Conquering the frailty of his youth, Woolsey became a keen sportsman and hunter of big game and was an extensive traveler. He became much interested in old silver and the iron work of colonial American smiths, and wrote charmingly of his collections (see "Harper's New Monthly Magazine, Sept. 1896).

He served on the New Haven board of common council (1880-81), and on the board of park commissioners (1914-28), securing legislation that provided for New Haven a system of public parks administration that is admirable for its efficiency and freedom from political interference. He was an active member of the board of directors of the New Haven Bank from 1899 to the time of his death. In his will he left to Yale University his books on international law, and also a handsome bequest to be used in maintaining and enlarging the collection of works on international law, diplomatic history, and kindred printed and written materials. He died in New Haven.

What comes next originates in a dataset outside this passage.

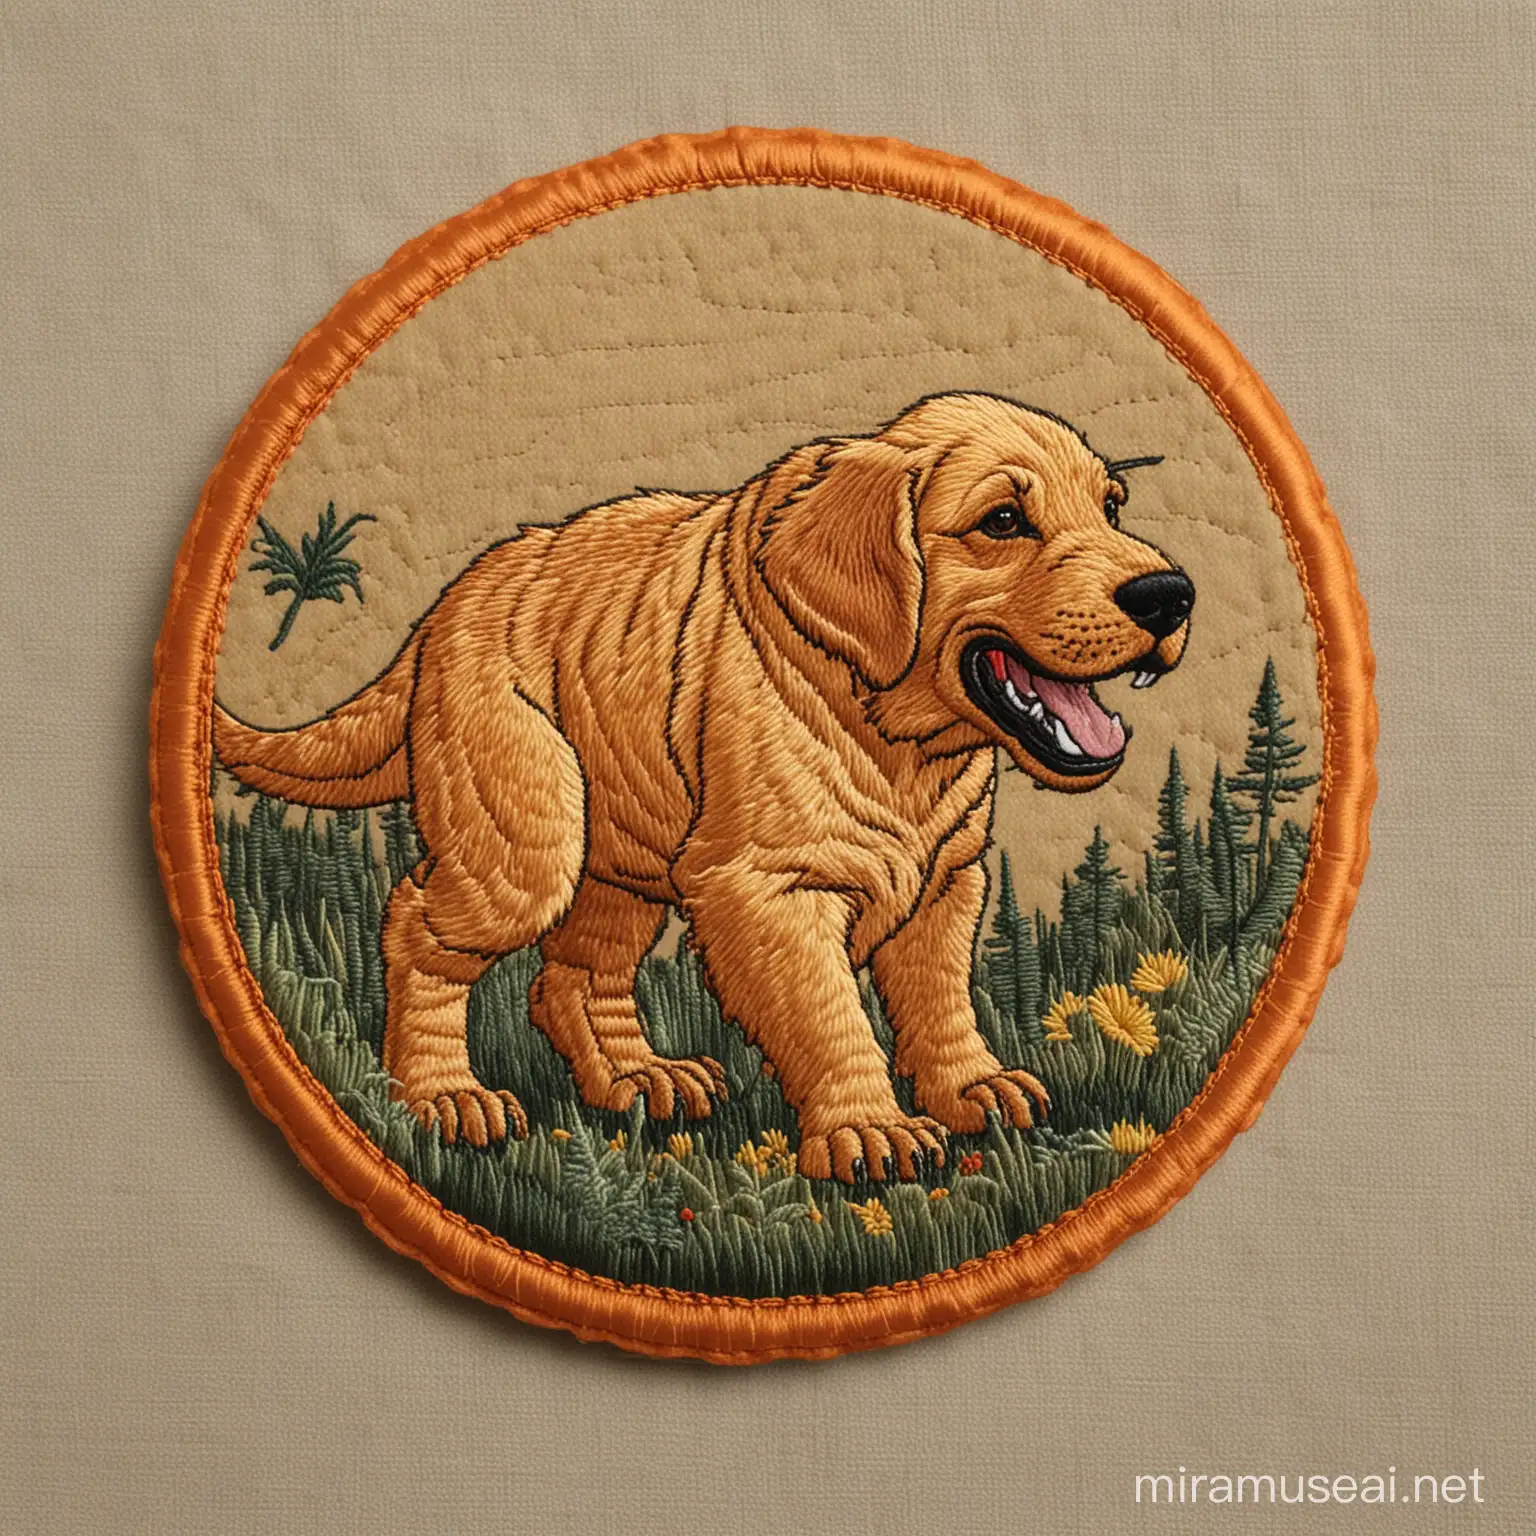 An embroidered patch, a Tyrannosaurus rex mixed with a golden retriever puppy, thick lines, low detail, no shading -- ar 9:11 --v5

In March of 1885 Professor Woolsey and his family first visited the beautiful Ojai Valley with its clear dry air and mild climate.

Because of his wife's tuberculosis he took a leave from Yale and they came to Ojai. In 1887 he bought seven acres of property for five hundred dollars in gold coins. He then helped to design and build a Connecticut style country home for his wife and two sons, Theodore Salisbury Woolsey Jr. and Heathcote Muirson Woolsey.

In 1890 the Pierponts, of the Pierpont Hotels, came to Ojai for health reasons and moved into the recently vacated Woolsey House. In 1891 the Woolsey house became the towns stagecoach stop Inn. In 1895 professor Woolsey sold the property and house for three thousand dollars in gold coins to the prominent Mr. Charles E. Bigelow.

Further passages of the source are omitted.